RSS feeds also provide an immediate and understandable ROI, maybe less than they once did, but people see their data getting used, and can play with it in tools from the moment it goes live.
I actually thing the demonstrations below are a really big deal. It’s one tool which can provide a useful service on top of the RDF from three different organisations. This is what I want the future to look like! These can be embedded in your own pages in an iframe, but it’s a bit icky loading 4 google map iframes in one page.
- Southampton [raw data]
- Lincoln [raw data]
- Oxford [raw data]
- Tsinghau (China!) [raw data]
- Your university? (let me know when you publish the data and I’ll add you!)
Also get in touch, maybe via the comments, if you would like to publish open RDF data about your organisation’s places. It’s dead easy and all you need is a UNIXish (Linux or OSX) computer, a free tool (Grinder), and my example configuration files for places in grinder.

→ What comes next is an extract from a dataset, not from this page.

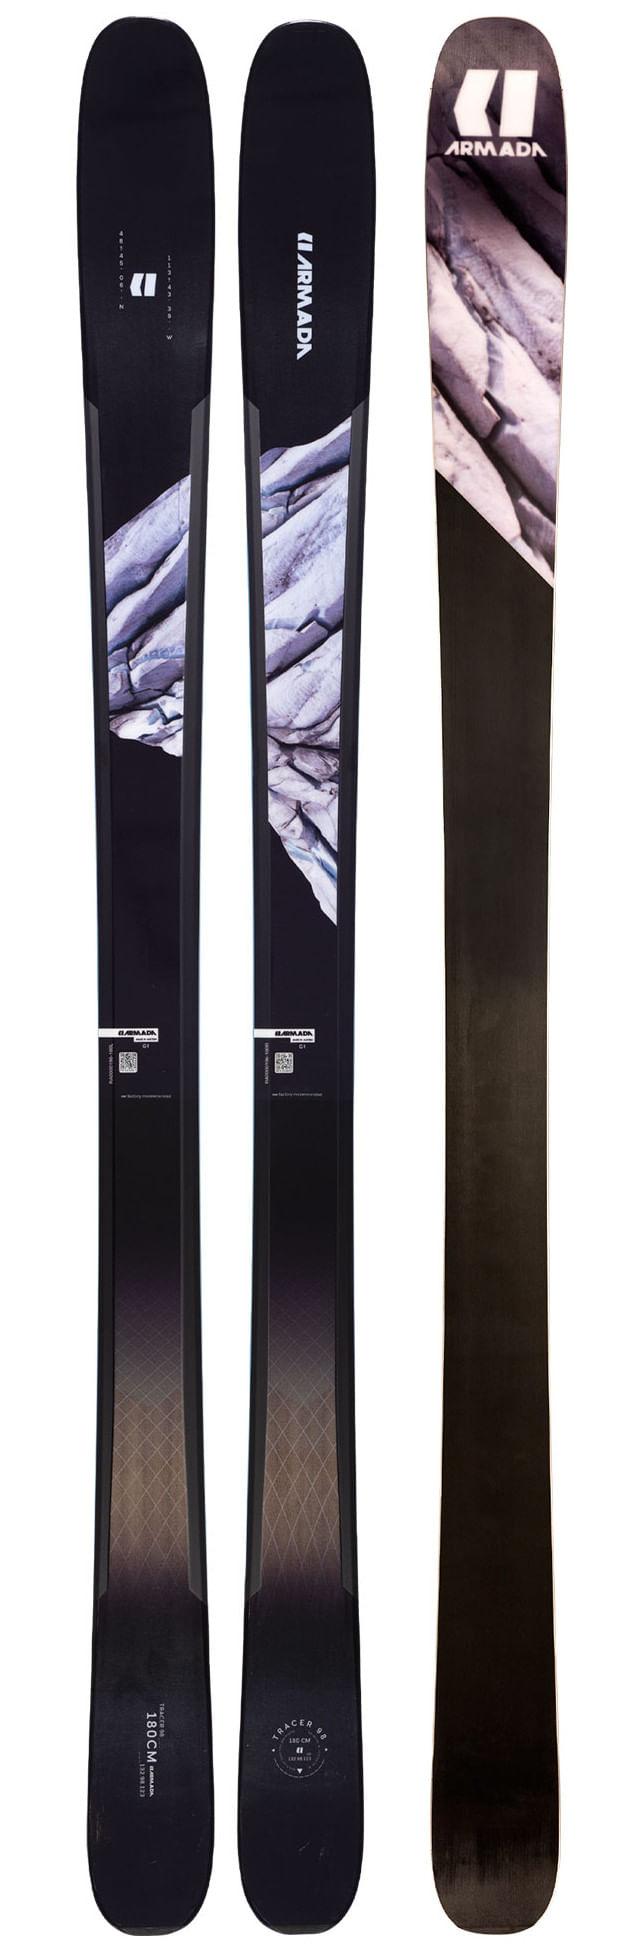 Armada-Tracer-98-Skis-2021

Given that you can edit your list of buildings (and sites, and rooms…) in a spreadsheet and turn it into RDF data in minutes. Cheap, easy, and with an imediate Return On Investment. This is how Linked Data should be.
I’m even thinking about making a Grinder web service, so you just publish a speadsheet, and a configuration file and we spit out RDF for you…
August 11, 2011
by Christopher Gutteridge
So I’m off on my holidays, I’m going to be using the things I’ve been learning on data.southampton to use RDF data to power the events programme for a nice little arts festival in the town I grew up in.
I really like festival and conference data, there’s so many useful things you can do with it, and people just throw it into PDF or cruel abuses.
All the code will be reusable for future events…
July 28, 2011
by Christopher Gutteridge
IWMW: Dave & I have been away at IWMW 2011, learning and promoting the Southampton Open Data Service. A key message we’ve been pushing is to make sure the data providers get a return on their investment. If they don’t get a value to themselves or their users, why should they care? Very positive response from many people. I think the tipping point is upon us, finally!
Google Map: A few people have commented how the road on the Google Map goes right through building 85. I’ve put a report into teleatlas who provide that data and apparently a fix is in the works!
Bus Stops: I’ve added some neat new things to the sidebar [example]. A link to a fullscreen version of the bus times info, suitable for display screens (I think this would be nice in the NOC lobby), and also cut-and-paste code to add the bus times to your own pages, using an iframe.